The Senior Coroner for West Sussex, Brighton and Hove has found that neglect and multi-agency Social Services and mental health care failings contributed to the death of 18-year-old Axel Matters, a young trans person whose birth name was Yasmin Price, in April 2021.
Axel took his own life in a flat in Surrey Street in Brighton, shortly after his 18th birthday. The Coroner found it could not be determined if he intended to do so. Axel was known by services to be exceptionally vulnerable, estranged from family and friends, and at risk of potential death from misadventure by severe self-harm or from suicide. Following an unplanned discharge from Langley Green Hospital to police custody on 22 February, he was placed in emergency unsupported accommodation in Brighton, where he stayed for two months prior to his death. He had never previously lived alone. Contrary to his Care Act 2014 care and support plan, an assessment of his capacity to make decisions in relation to his care and support and ability to live alone was never completed.
Following an Article 2 ECHR inquest held between 25 September and 10 October, the Senior Coroner concluded as follows:
On 22nd February 2021 Axel had a unplanned discharged from Hospital, following his arrest by Police, at a time when he was showing signs of a decline in his mental health. The agencies failed him in that:-
- The Mental Health services failed to arrange a coherent planned discharge on 22nd February 2021 and provide a clear risk, crisis and care plan on discharge.
- Adult Social care failed to arrange a capacity assessment upon his discharge on 22nd February 2021 or any time thereafter.

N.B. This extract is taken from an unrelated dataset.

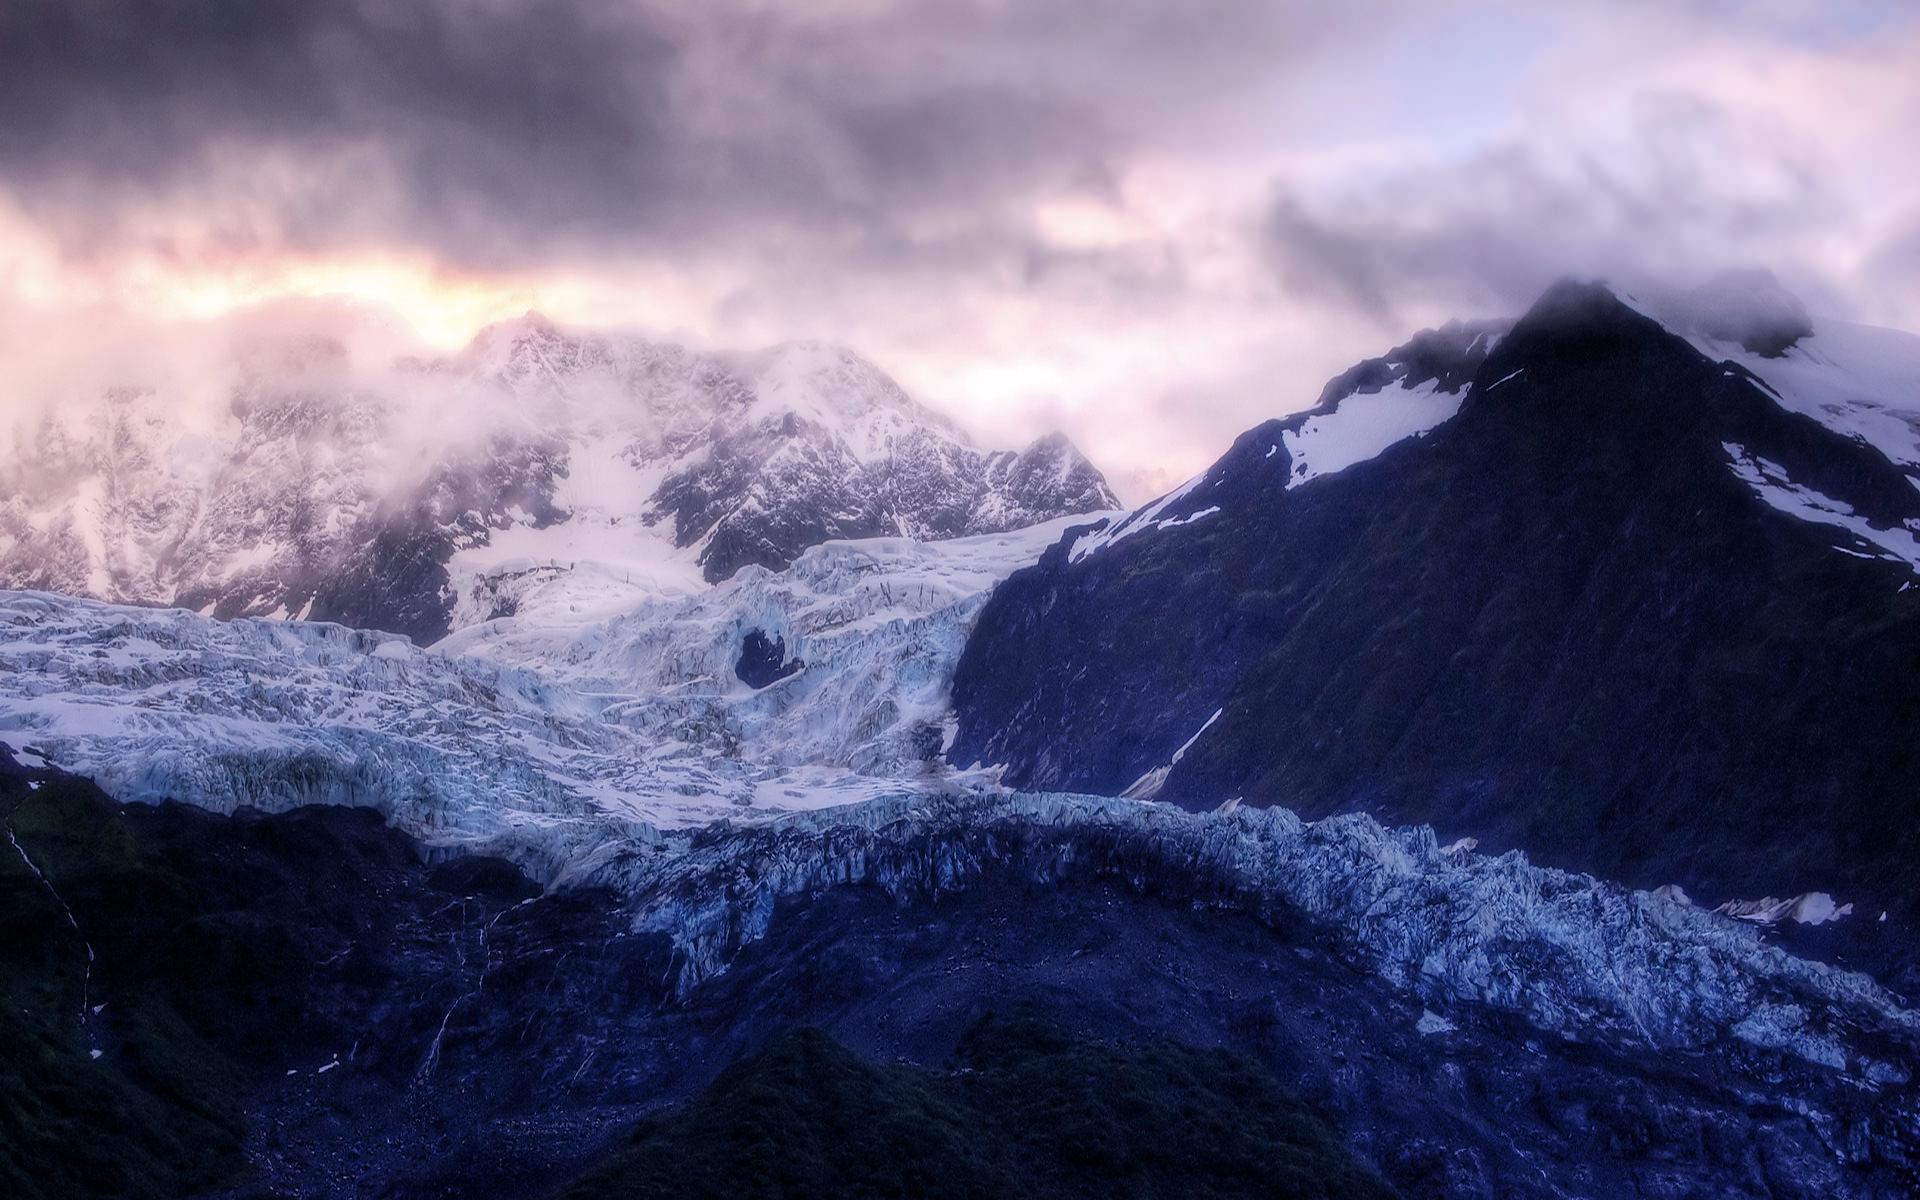 Winter Mountain Wallpaper 1920x1200 1920x1200

- There was lack of consideration by all agencies involved with Axel as to whether the accommodation provided to him was suitable for a young person, whose capacity fluctuated when in crisis, and who in those circumstances became unsafe to live alone.
- Axel’s lead Practitioner failed to assertively engage with Axel after discharge and meet with him in person. She was therefore not able to assess his ongoing risk or recognise his mental health deterioration.
- On 6th April 2021 following an obvious decline in Axel’s mental health presentation there was a failure by Adult Social care staff to arrange a full risk assessment and mental health review.
- There was a lack of support and active engagement for Axel provided by the Adult Assessment and Treatment Service in Crawley pending his transfer to Adult Assessment and Treatment Service in Brighton.
- Axel’s death was contributed to by neglect.
The Coroner is to hand down a full ruling on the legal elements of the case, including the application of Article 2 ECHR, in due course.